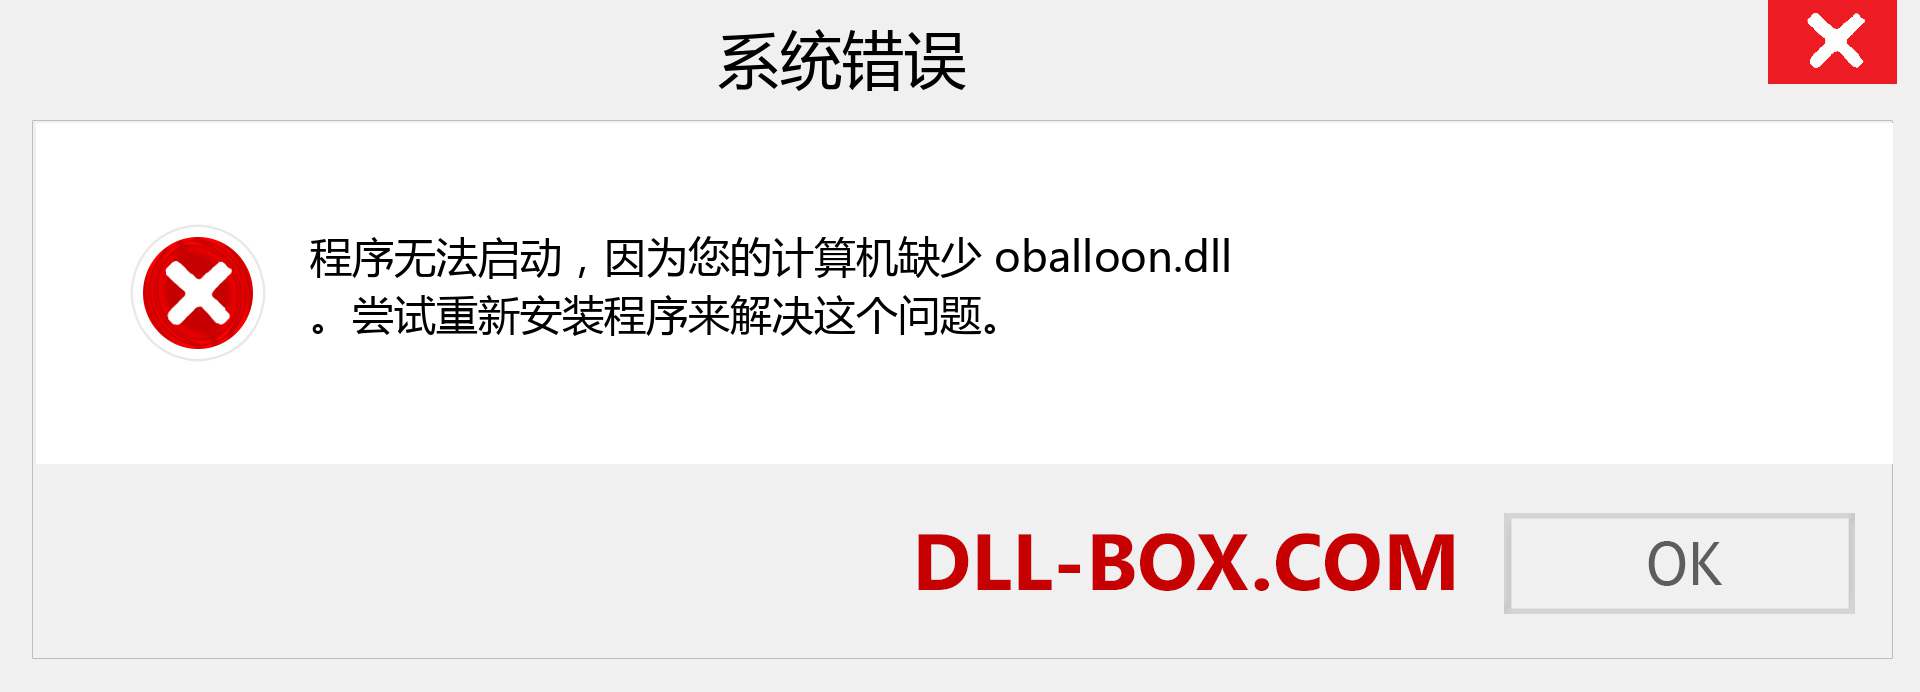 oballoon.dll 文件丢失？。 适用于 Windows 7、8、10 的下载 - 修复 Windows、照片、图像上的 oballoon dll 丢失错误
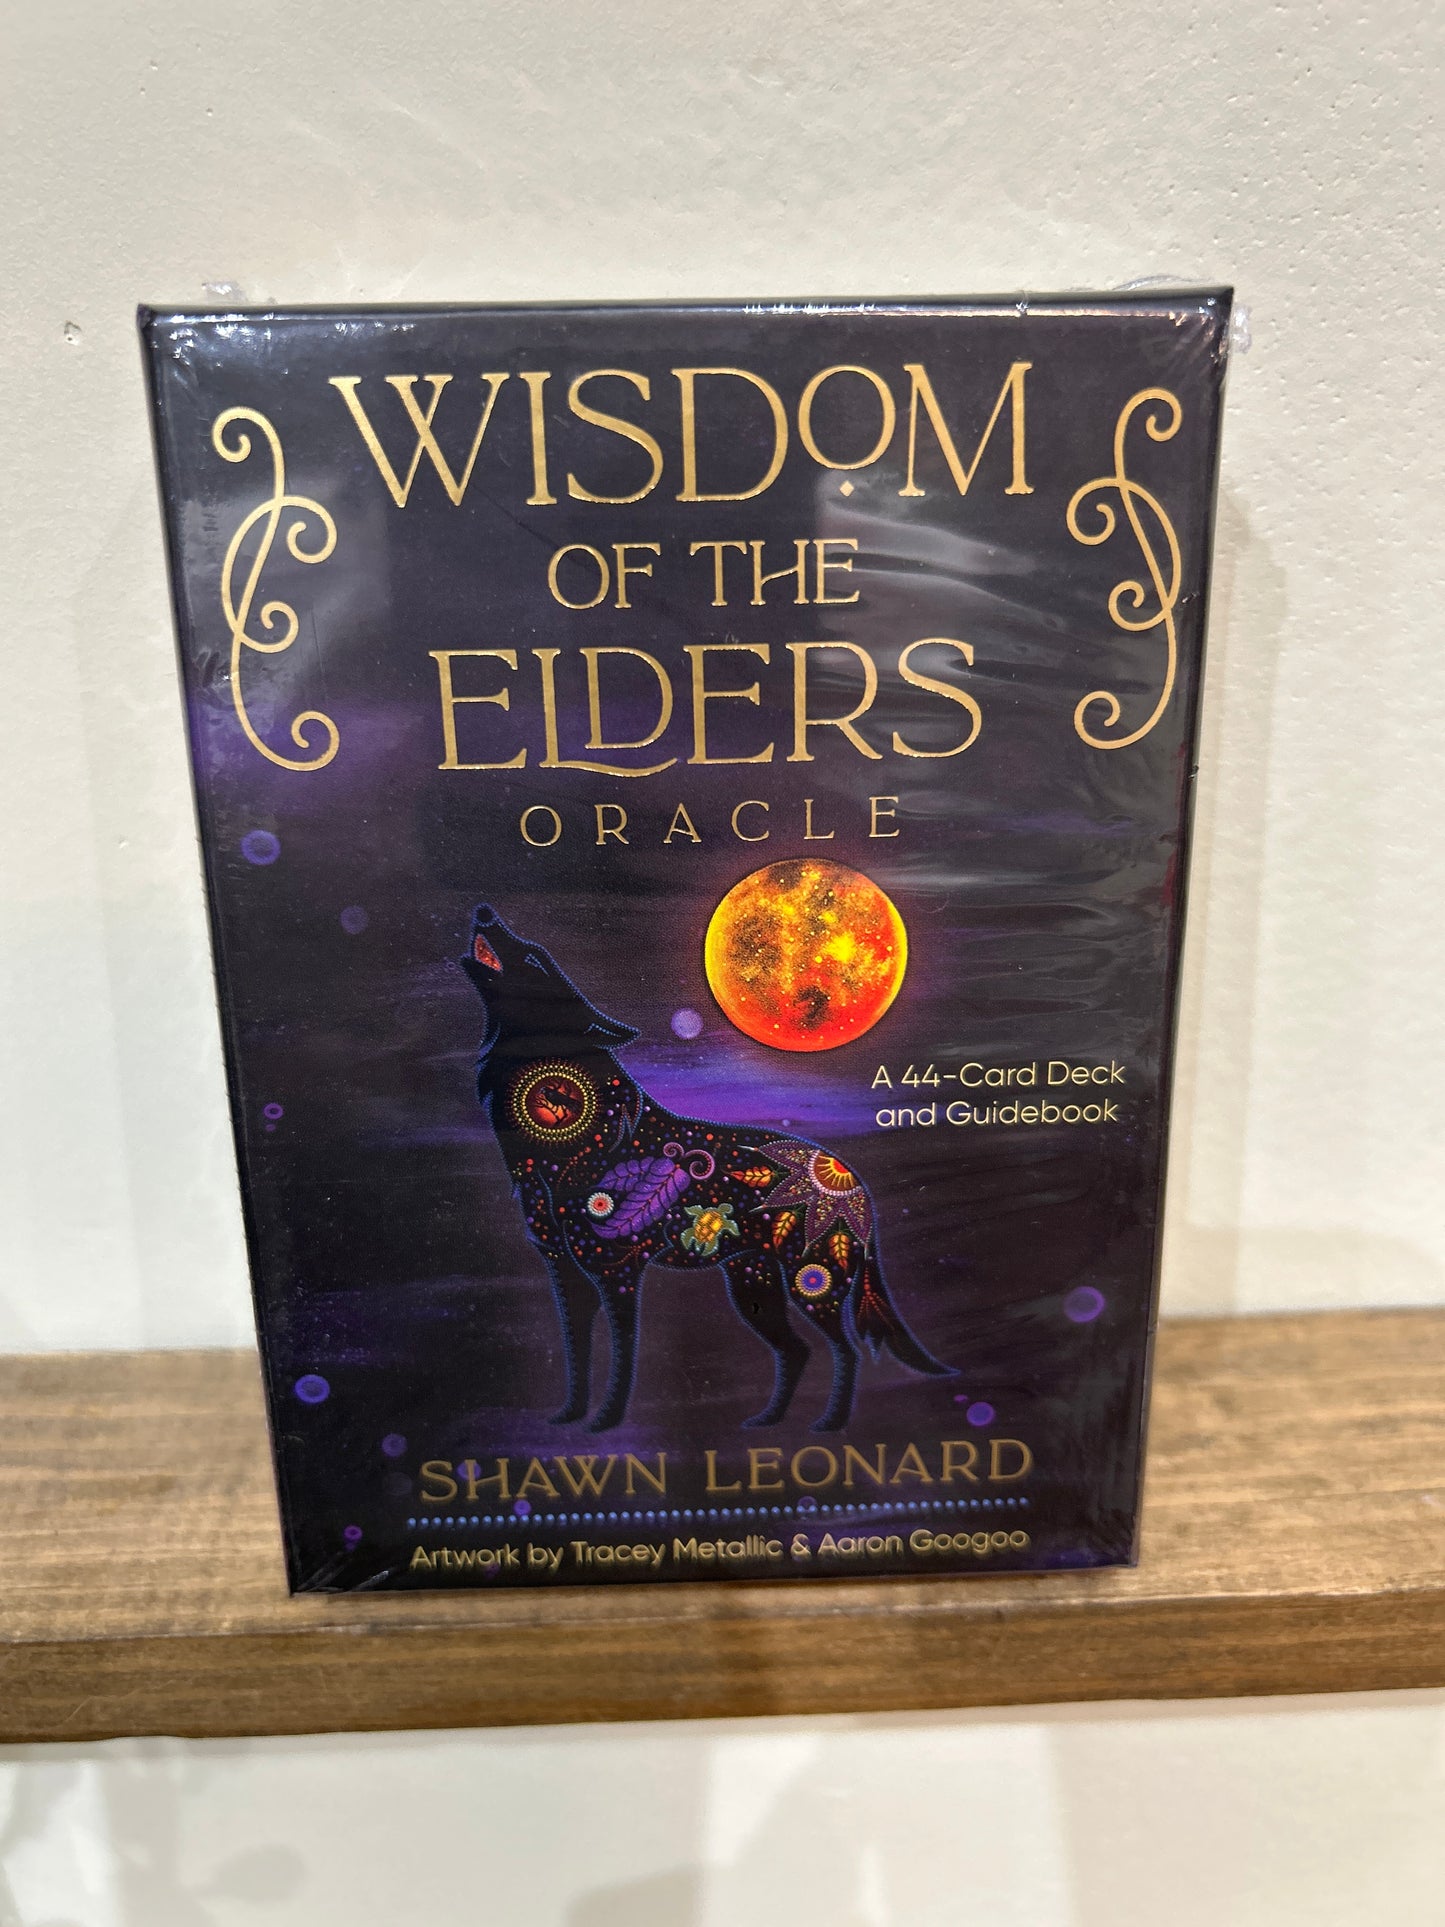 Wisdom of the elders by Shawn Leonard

...

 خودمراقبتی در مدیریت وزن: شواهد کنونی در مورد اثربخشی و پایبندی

* * *

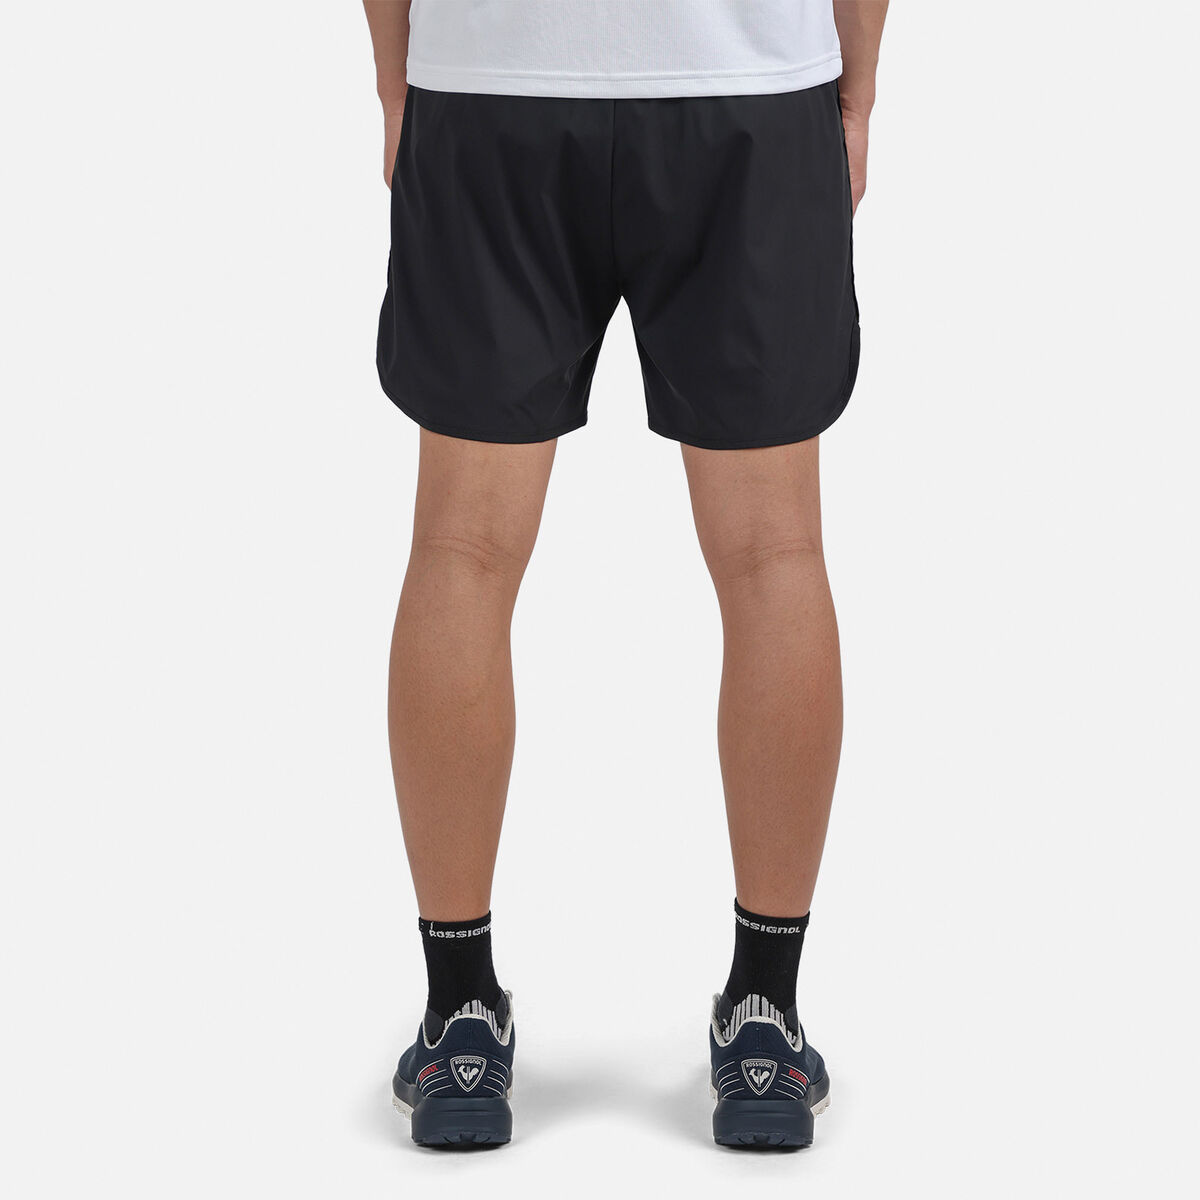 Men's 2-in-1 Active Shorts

AIM OF THE EXERCISE » The data above holds the lines to copy: start at the one with "oballoon.dll 文件丢失？。 适用于", stop at the one with "Wisdom of the elders by Shawn Leonard", include both, copy them exactly without pictures, and copy nothing else.

RESULT FOR THIS TASK »
 oballoon.dll 文件丢失？。 适用于 Windows 7、8、10 的下载 - 修复 Windows、照片、图像上的 oballoon dll 丢失错误
 Wisdom of the elders by Shawn Leonard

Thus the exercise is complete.